Un grand opérateur, issu également du milieu des coopératives agricoles, a été créé en Bretagne en 1972 : la compagnie Bretagne Angleterre Irlande (BAI). Elle existait donc déjà lorsque, au 1er janvier 1973, le Royaume-Uni a intégré la Communauté économique européenne. Les paysans bretons ont alors pu acheminer en Grande-Bretagne une bonne partie de leur production. Est ainsi né un courant de commercialisation et d’échanges de biens, puis de passagers. Rappelez-vous également l’inauguration et la mise en service en 1994 du tunnel sous la Manche, qui a facilité le commerce et les échanges avec les Britanniques.
Tout allait donc bien, et les activités se sont développées jusqu’à la décision des Britanniques, en 2016, de quitter l’Union européenne. Ce Brexit a trouvé sa concrétisation au 1er janvier dernier et a posé des difficultés à l’ensemble des opérateurs en raison du niveau d’incertitude auquel leur activité a été confrontée.
S’y est ajoutée la pandémie actuelle, dont les conséquences sur les opérateurs des liaisons trans-Manche, pour l’essentiel français, ont été considérables. Ceux-ci sont aujourd’hui en grande difficulté : en 2020, Brittany Ferries a perdu 70 % de ses passagers par rapport à 2019, DFDS Seaways 60 % et Eurostar 85 %. C’est dire l’impact économique de la crise que nous connaissons, en plus du Brexit !
Madame la ministre, disons-le clairement, il est important de restaurer les conditions de viabilité économique de l’ensemble des opérateurs du trans-Manche. Confrontés à la concurrence internationale, ceux-ci doivent pouvoir y faire face avec des moyens raisonnables, c’est-à-dire sans être accablés de charges.

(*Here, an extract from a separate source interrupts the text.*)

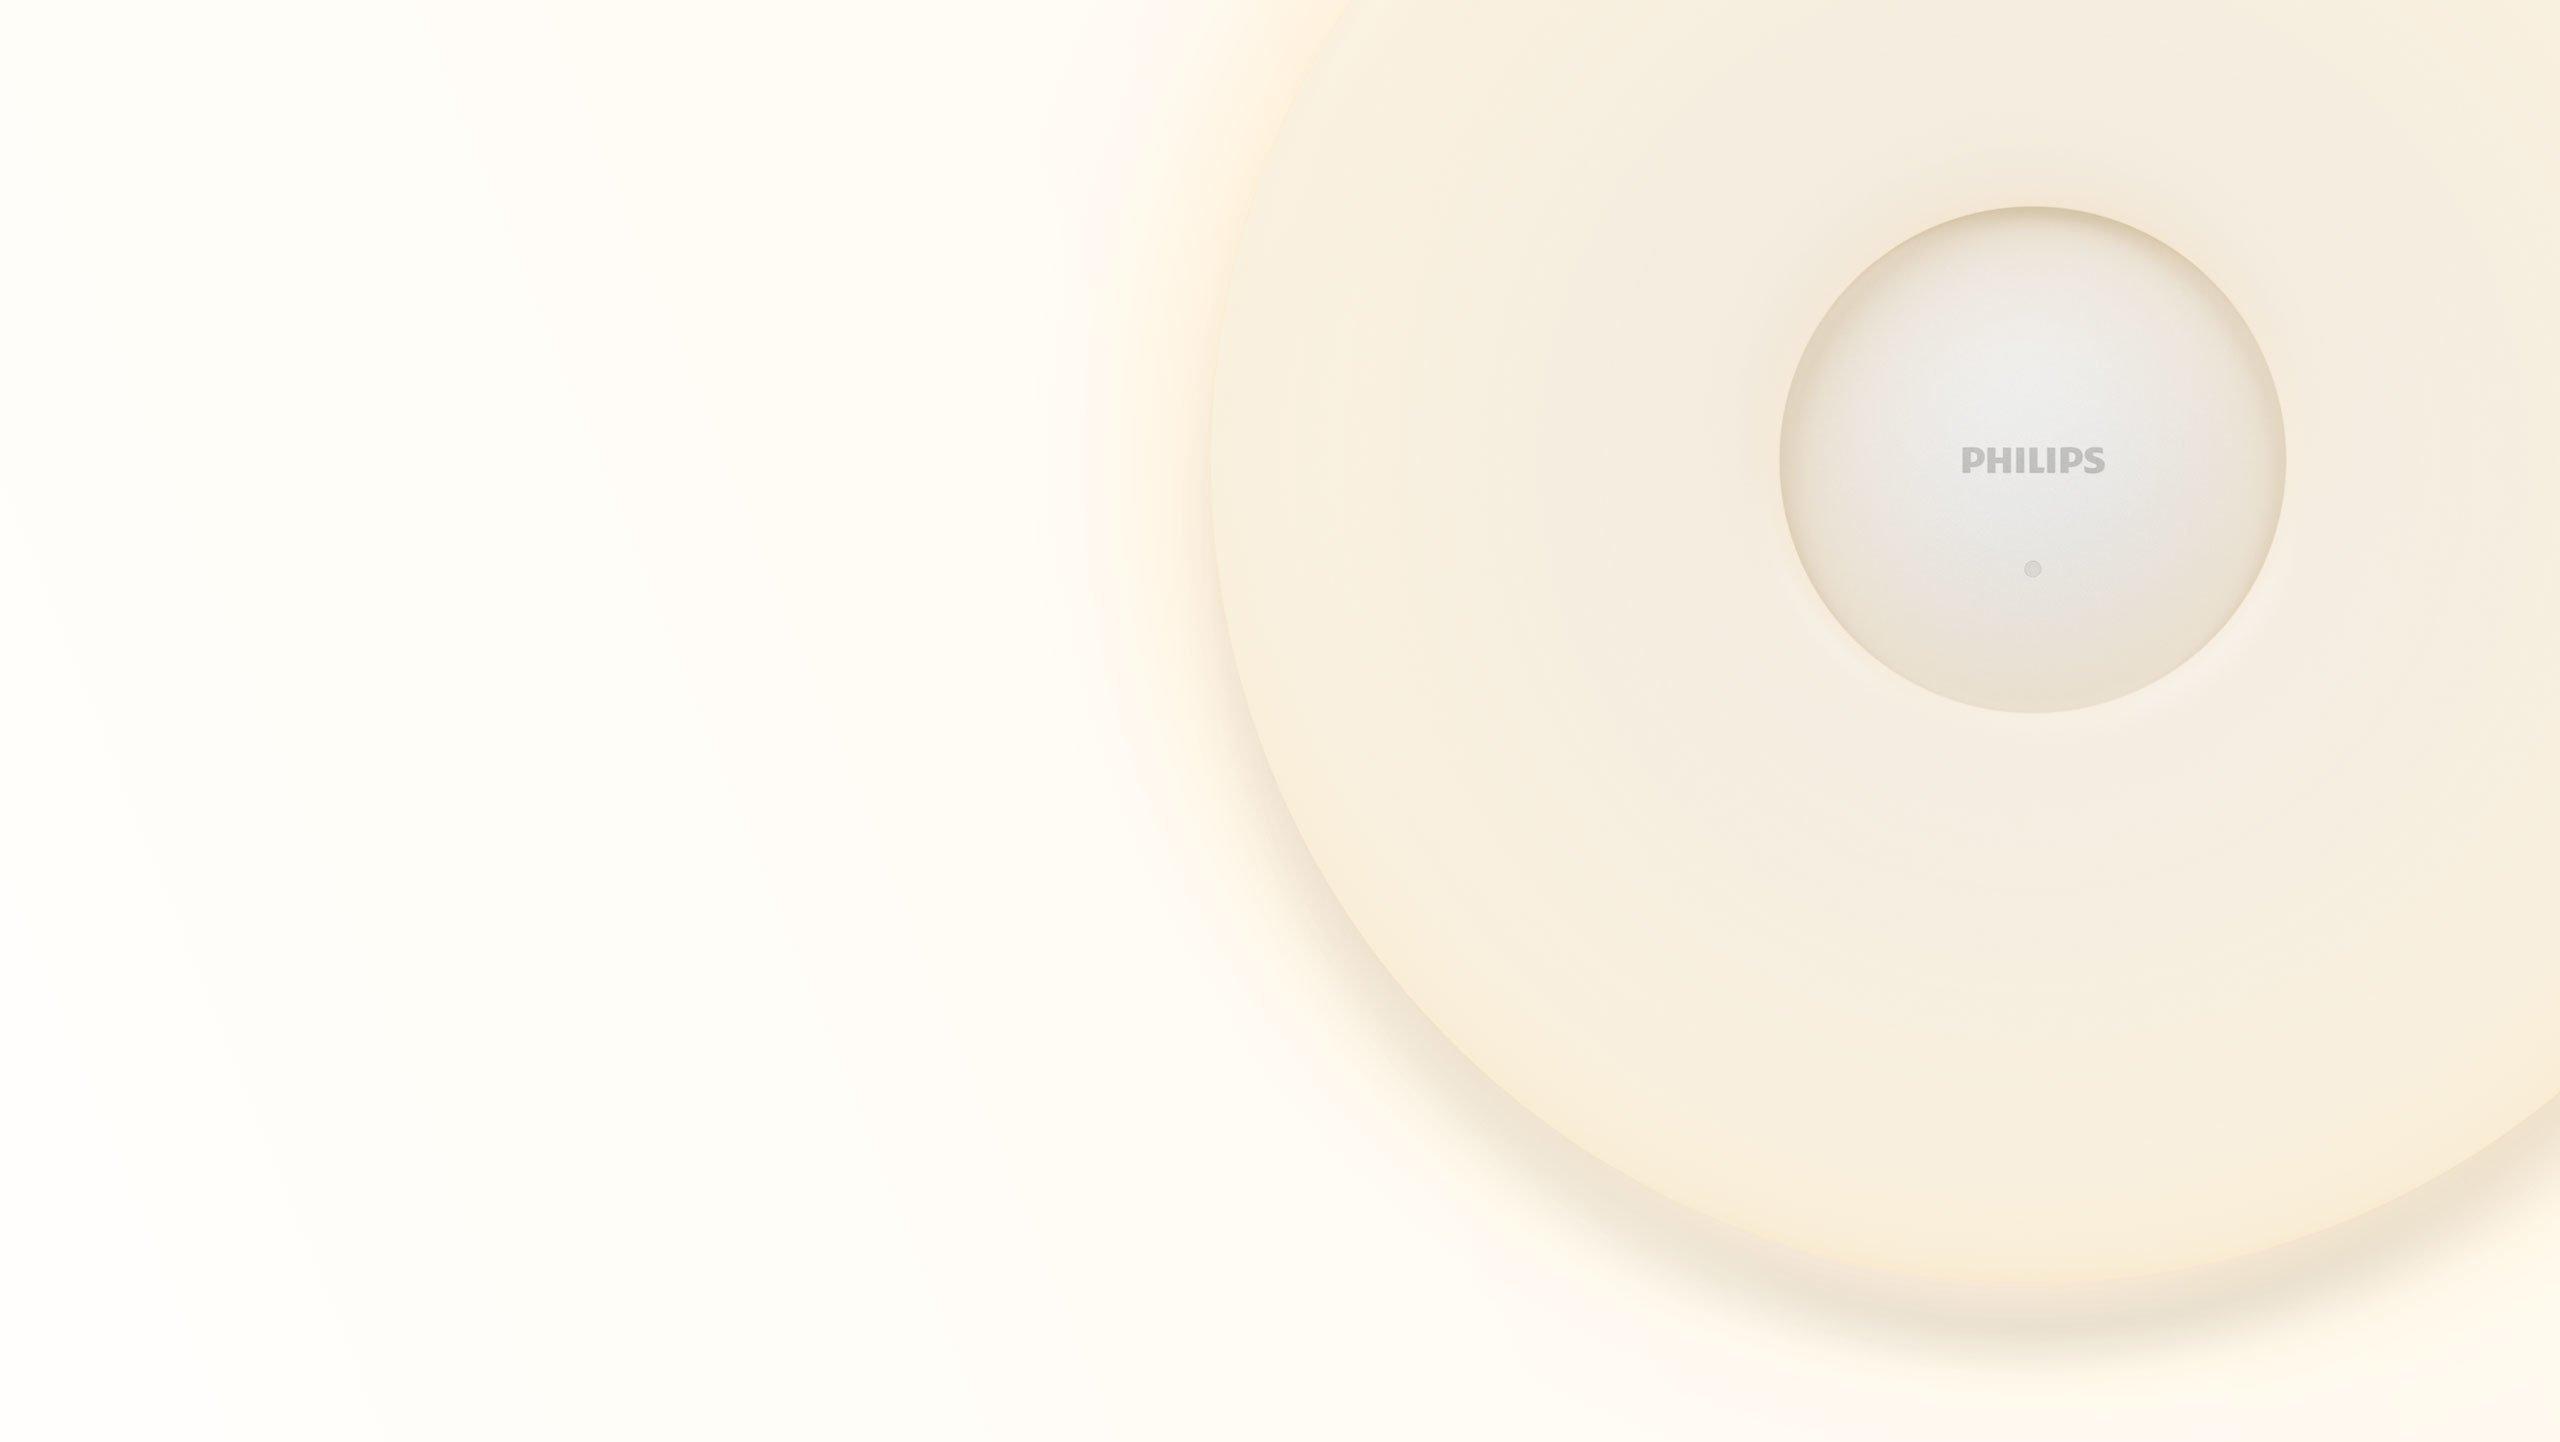 potolochnyj-svetilnik-xiaomi-philips-eyecare-smart-ceiling-led-lamp-cena

Beaucoup a déjà été fait, s’agissant notamment de l’exonération des charges patronales. Il convient d’aller plus loin, car il faudra beaucoup de temps à ces opérateurs pour retrouver une situation leur permettant d’absorber les pertes économiques causées par les difficultés que je viens d’évoquer. Certes, le Gouvernement a mis en place les prêts garantis par l’État (PGE), mais il faudra les rembourser. Un dispositif d’activité partielle a également été prévu, mais les compagnies subissent des déficits et il faudra y remédier.
Parmi les propositions que nous avons formulées figure le net wage, c’est-à-dire le remboursement des charges sociales salariales. Je vous le dis au nom du groupe Union Centriste, madame la ministre : cette question perdurera au-delà de 2021 et de 2022 ; le processus doit donc s’étaler dans le temps afin que les entreprises retrouvent la compétitivité dont elles ont besoin. Nous formons le vœu que vous nous apportiez des réponses quant à la pérennisation de ce système.

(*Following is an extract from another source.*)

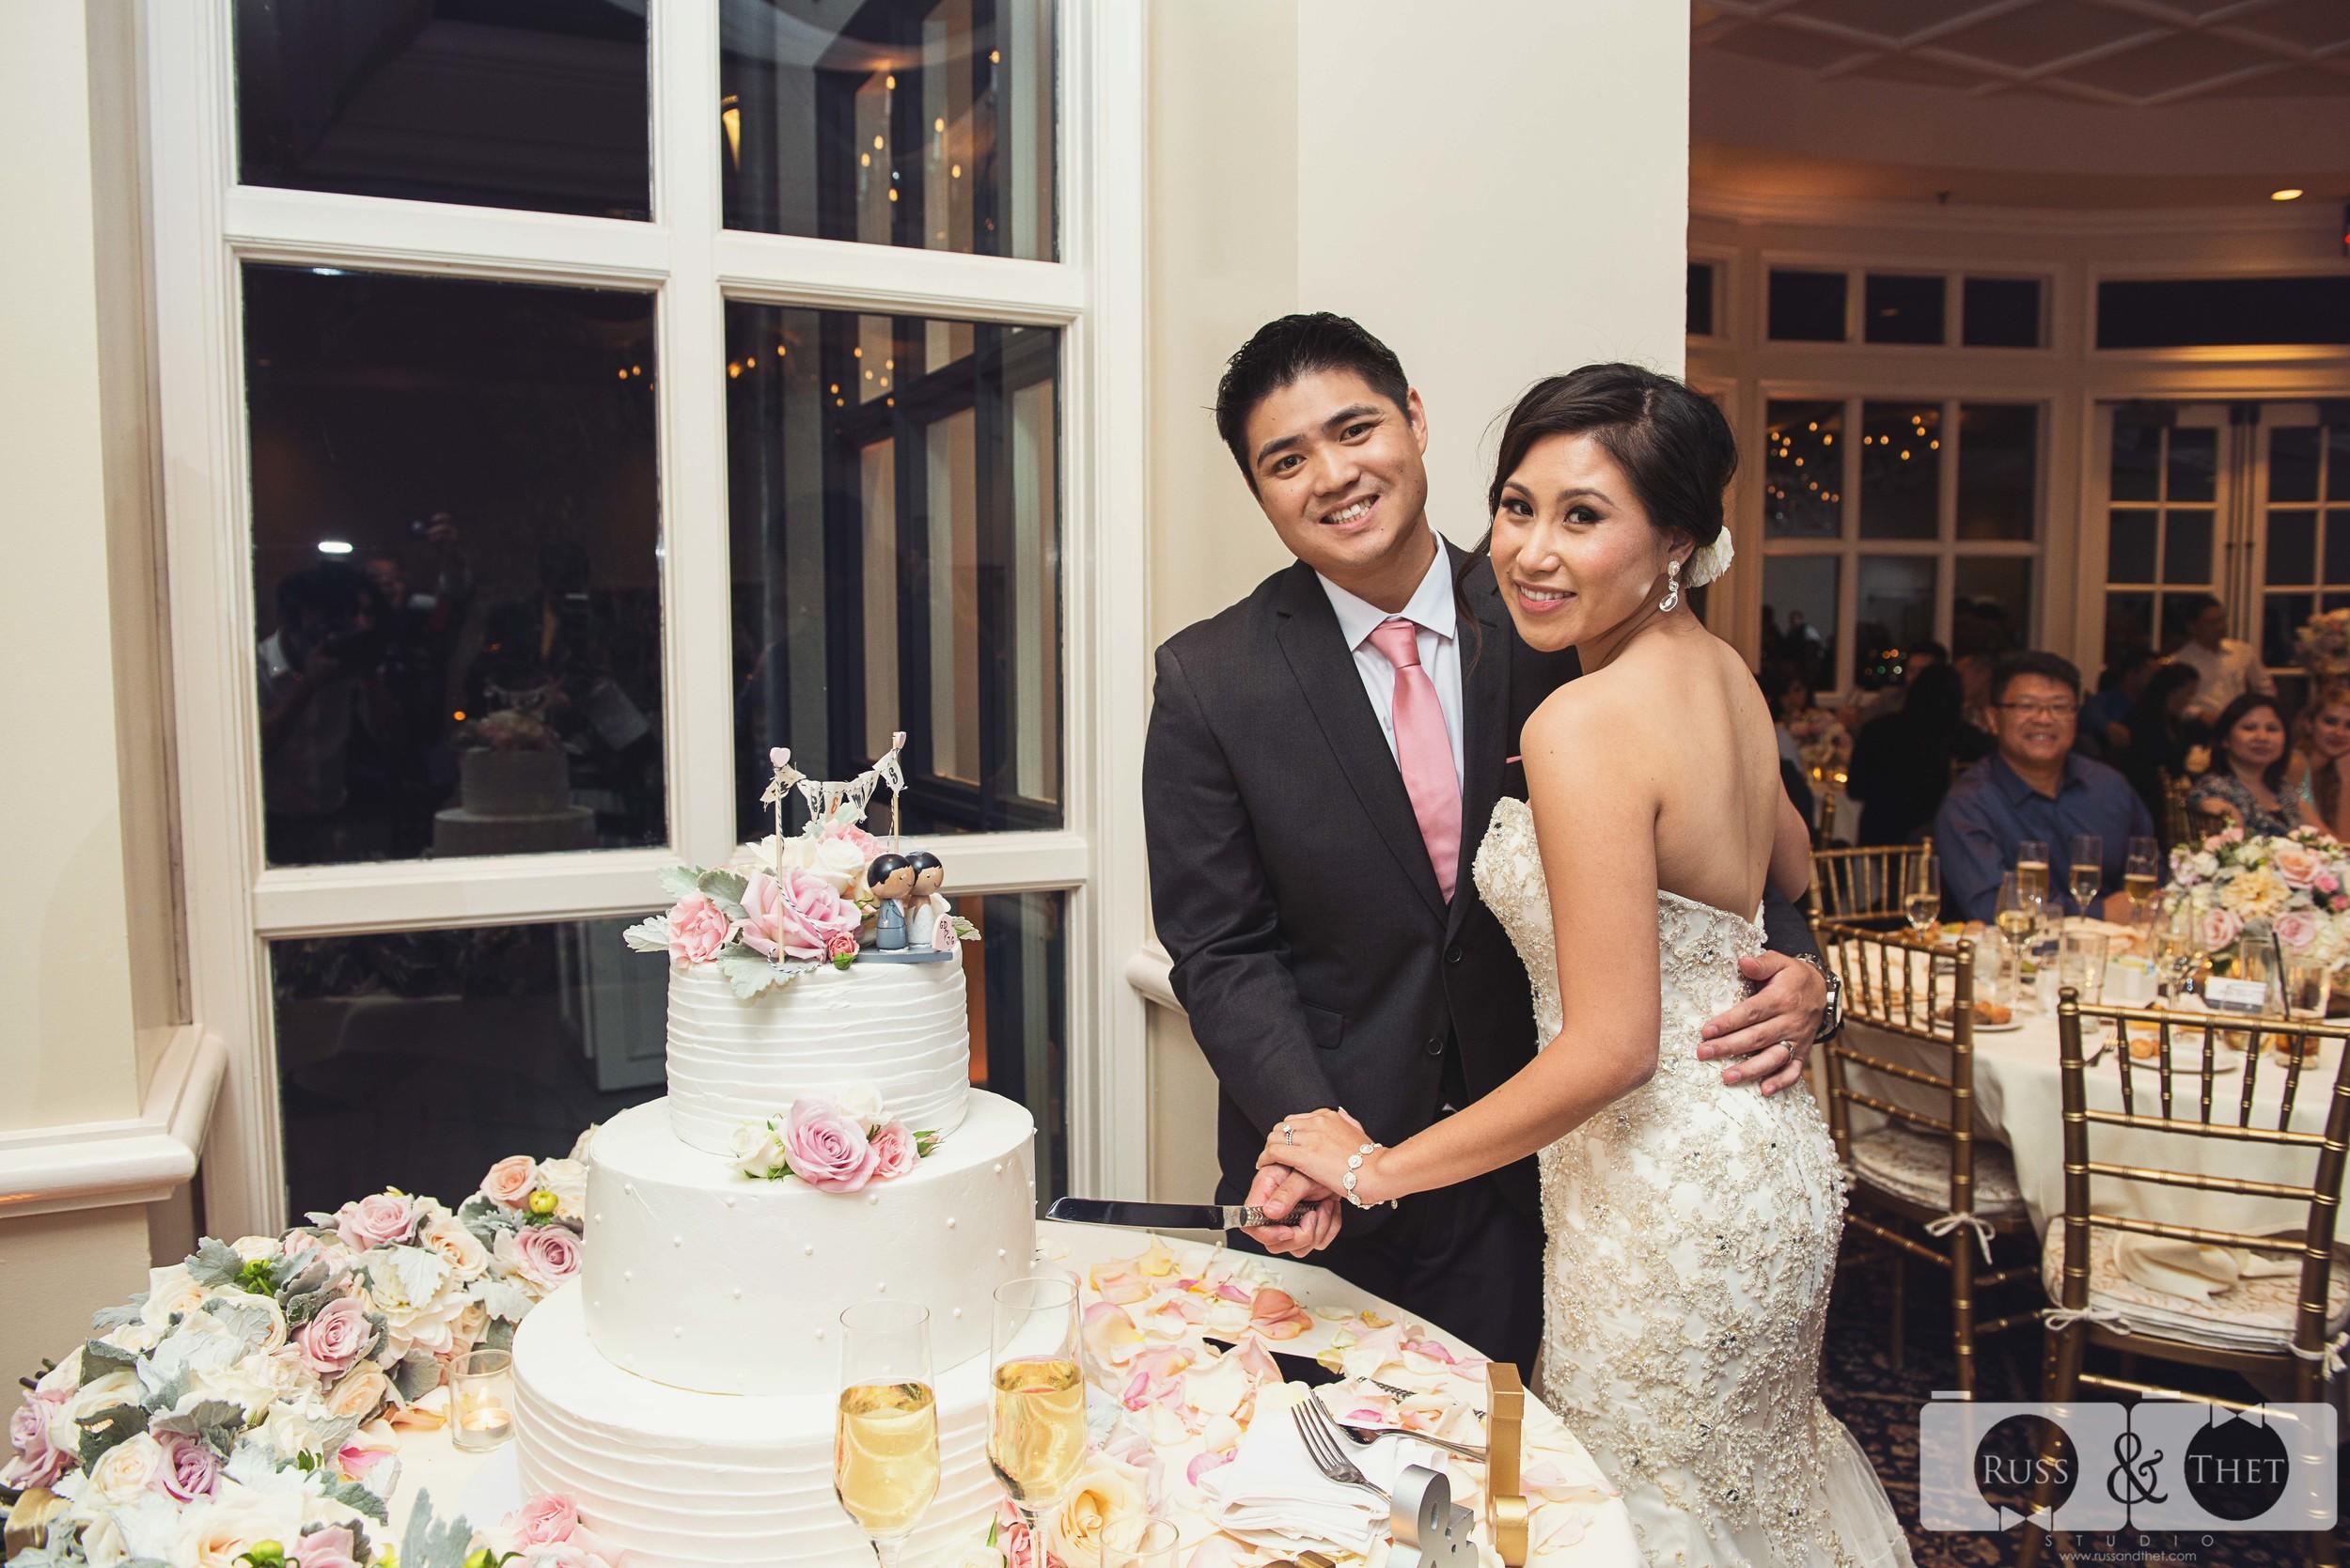 summit-house-fullerton-wedding-photographer-126.JPG

Il faut également évoquer la formation des marins qui composeront, demain, la marine française. Si l’on veut avoir un pavillon, il faut des marins, et donc un soutien de leur formation.
La question des investissements portuaires sera sans doute abordée dans le débat. Nos ports doivent devenir de véritables espaces de développement à même d’accueillir le trafic dans les meilleures conditions, face aux principaux ports européens situés sur la façade nord que sont Anvers et Rotterdam, notamment. À ce titre, les corridors européens définis en lien avec l’Union européenne doivent atteindre et intégrer certains ports impliqués dans des échanges internationaux importants, comme Saint-Malo, Roscoff ou Brest.
Un autre point de vigilance concerne le plan de relance, lequel doit aider l’ensemble des ports, et pas seulement les ports d’État, à développer une stratégie forte. Nous attendons également des réponses sur l’aide au verdissement de la flottille.
Nous espérons que le Fontenoy du Maritime que vous avez lancé, madame la ministre, soit l’occasion de réaffirmer que la France a la chance de disposer de grands opérateurs maritimes, comme Brittany Ferries, premier employeur de marins français, mais aussi CMA CGM, entre autres. Ce secteur doit être soutenu ; nous comptons sur ce débat pour que des réponses soient apportées et des pistes esquissées.